Somehow, her hand raised. Through instinct alone, she drew power into herself. Shadow met light and where they joined there was war.
Noiseless screams clawed at her mind; weightless force pressed against her throat. Yet no matter how the dark fought, her light grew brighter. So radiant and painful she clenched her eyes shut. "You're not here," she repeated. "And I will be your end."
'Death! Death! Death!' The presence screamed. But in the end, the dark always flees before the light.
Zelda collapsed. Her heart pounded, and her lungs stung, as though she'd been running for miles in the winter's chill. Only when she picked herself up did she notice the glass had shattered and the three stones gleamed with a light from within.
She placed each within her bag and slung it over her shoulder. No time to rest, nor marvel at what had happened. Her theft would be discovered at sunrise, and she had much left to do. She took hold of the rope still hanging from the window, she gave it one last tug to make certain it had not come loose.
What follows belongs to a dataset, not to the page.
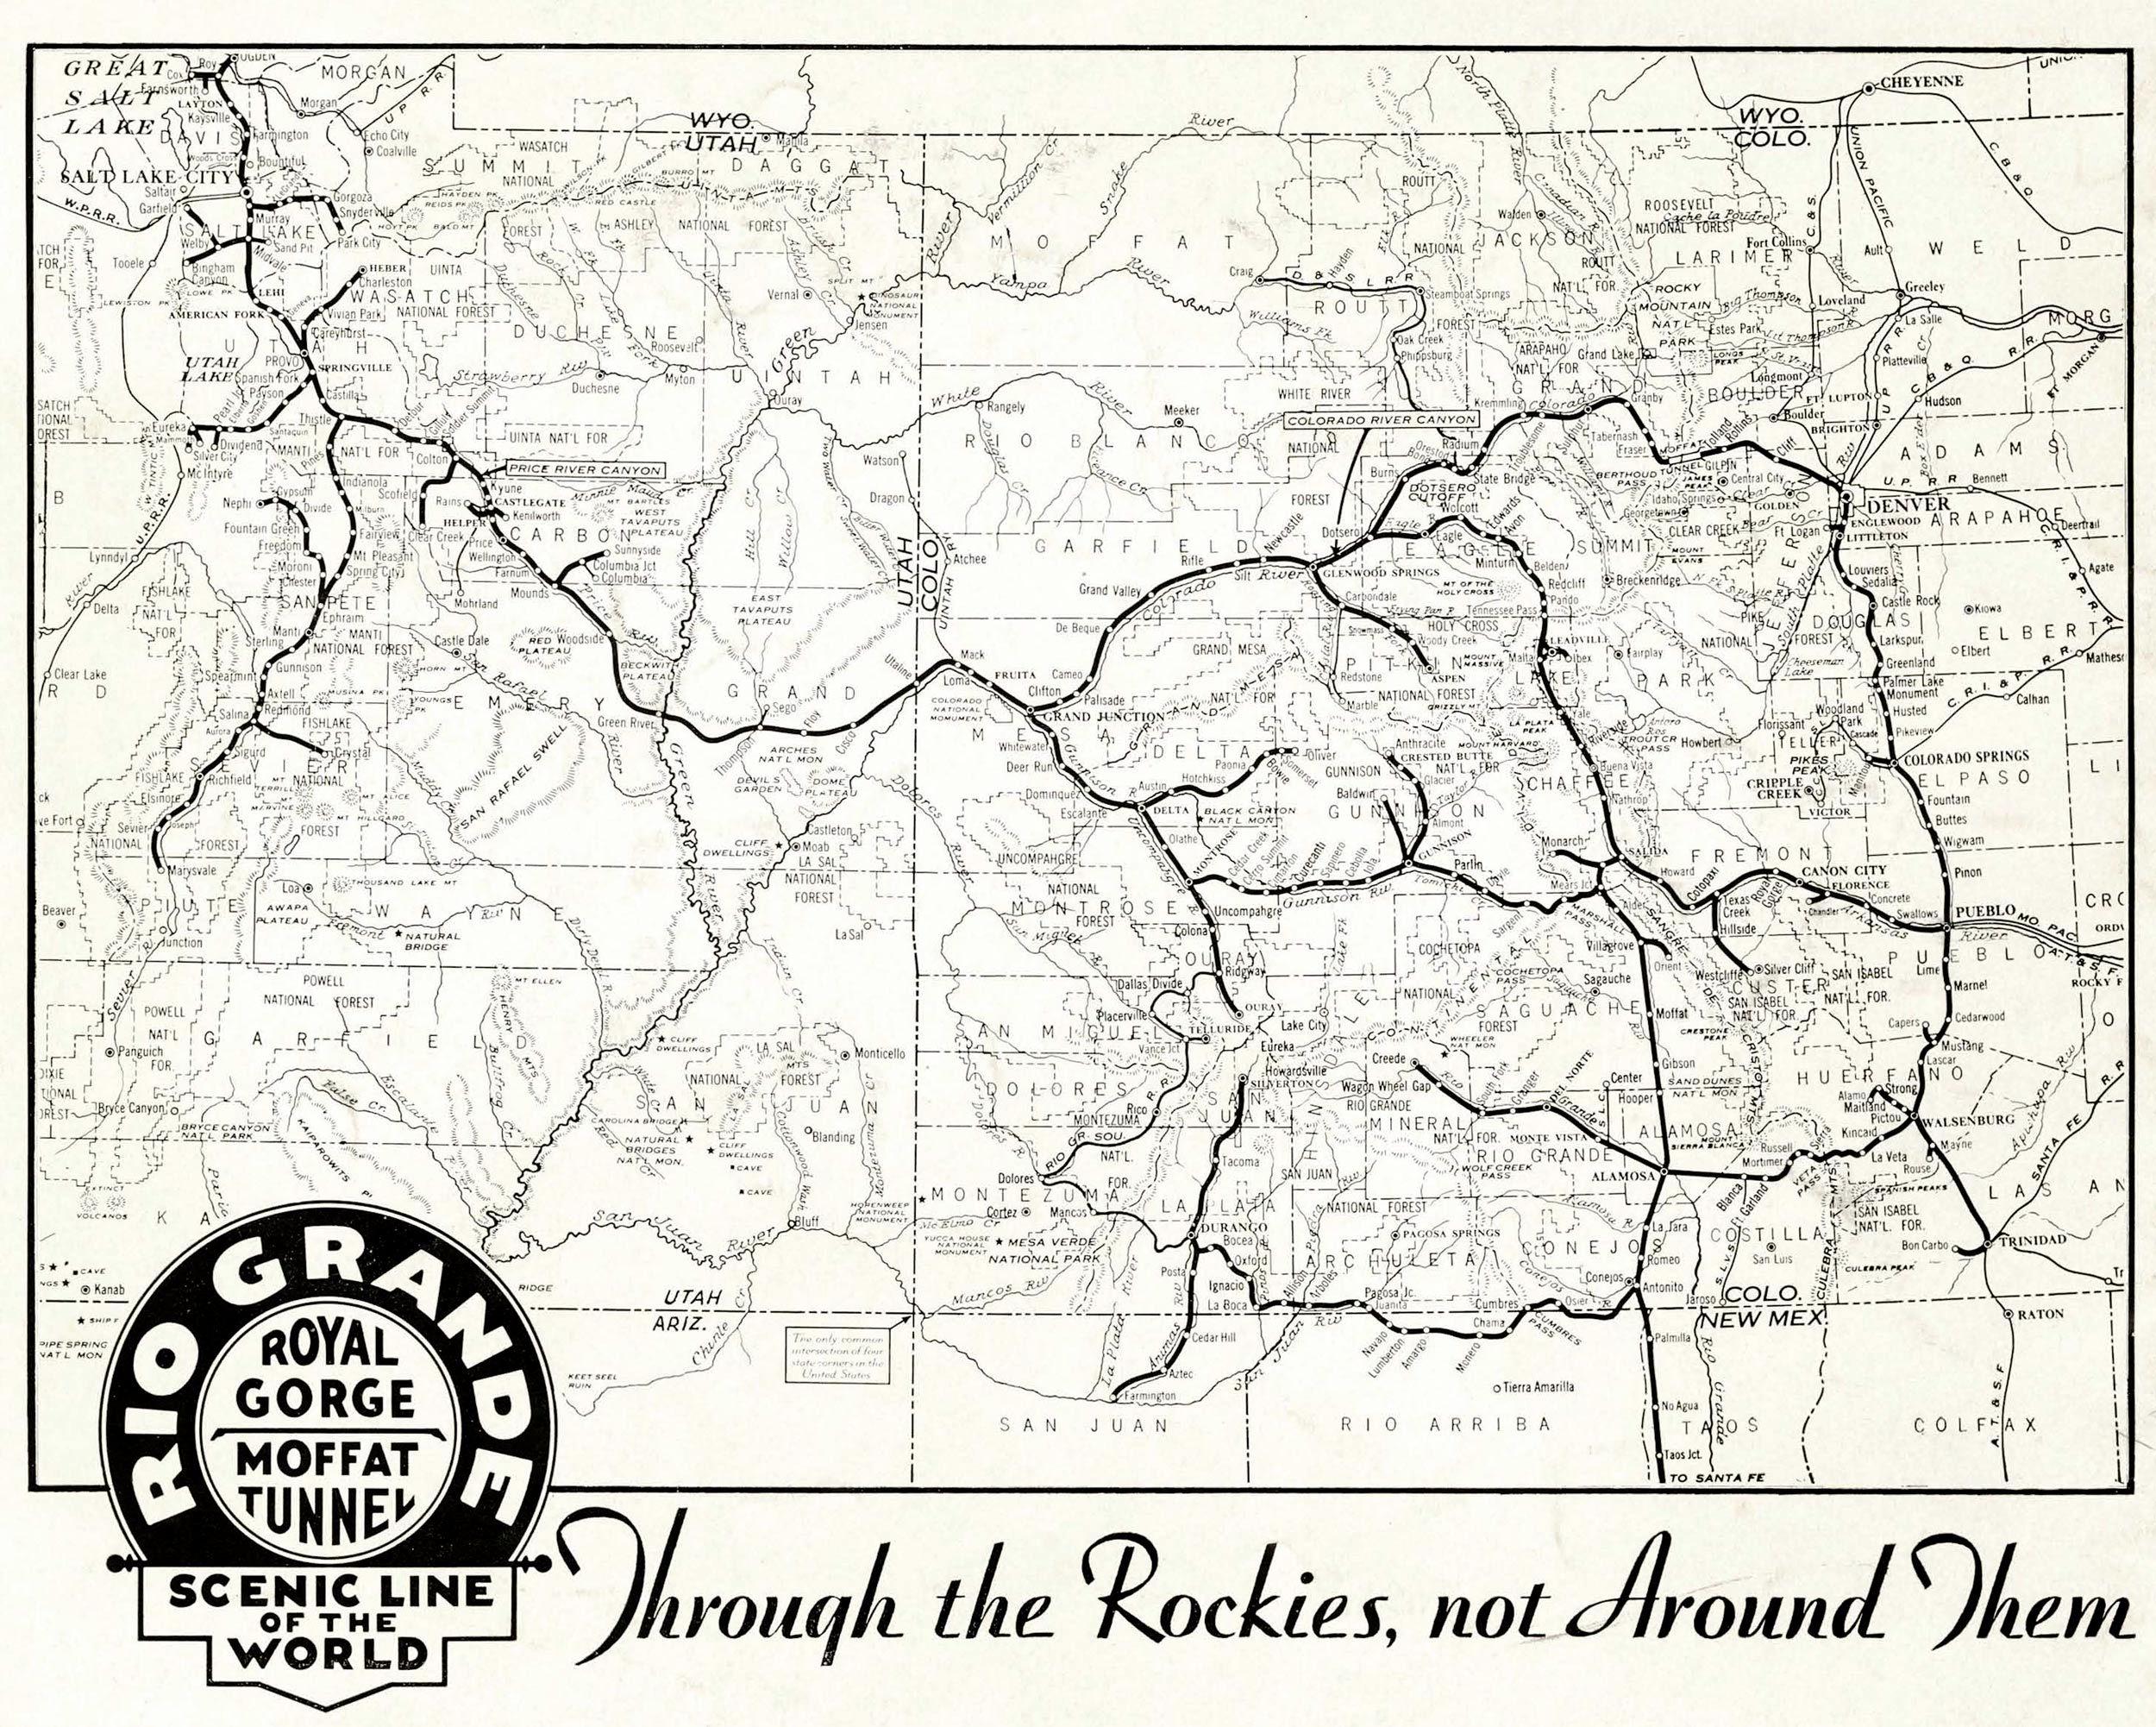 denver and rio grande western railroad map Denver And Rio Grande Western Railroad Colorado Railroad denver and rio grande western railroad map

Then she crawled out the window and climbed down.
The Temple of Time was only a husk. The once simple, yet beautiful, stained glass windows had all been shattered. The smooth stones were now blackened and cracked from a powerful flame. Even the doors had been torn from their hinges, revealing the charred and twisted ruin within.
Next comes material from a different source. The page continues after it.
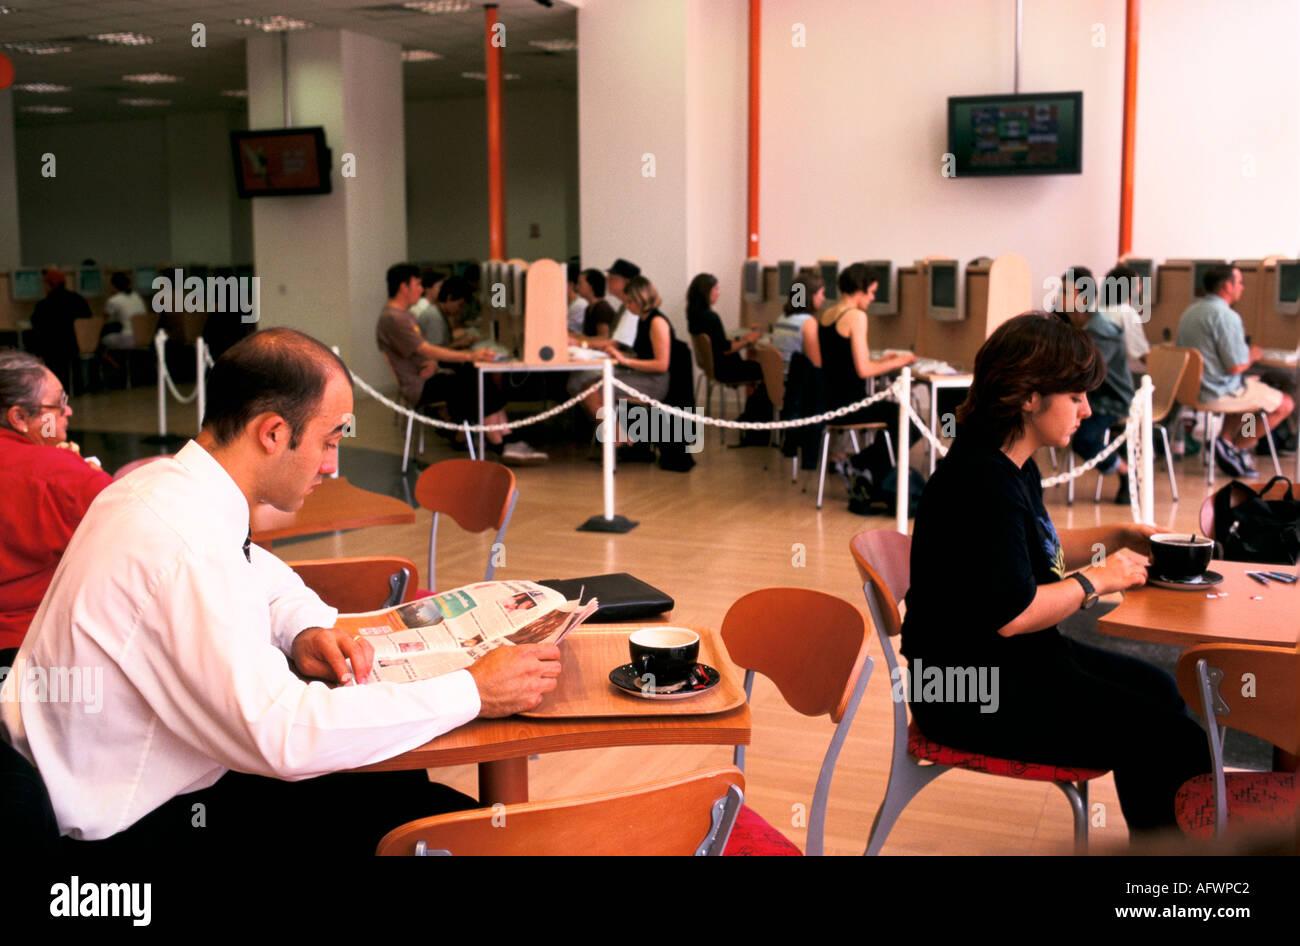 EASYEVERYTHING INTERNET CAFE VICTORIA LONDON UK - Stock Image

A shape stirred inside the building. The salesman appeared at the empty arch of the doorway with a smile. "I do so love a reunion. Be it my own, or others reunited with pieces of their past. How the whims of time cause change, for good and ill."
Zelda stepped out of the shadows. How had he noticed me from inside the building? She hadn't made a noise, and she held the Mask of Truth. In the weeks of traveling together to reach Castle Town, he had grown no less unnerving. If anything, she only grew more worried about her new companion. Whatever his goals, he refused to confide in her. Even when questioned he would speak only in riddles or change the topic to his masks.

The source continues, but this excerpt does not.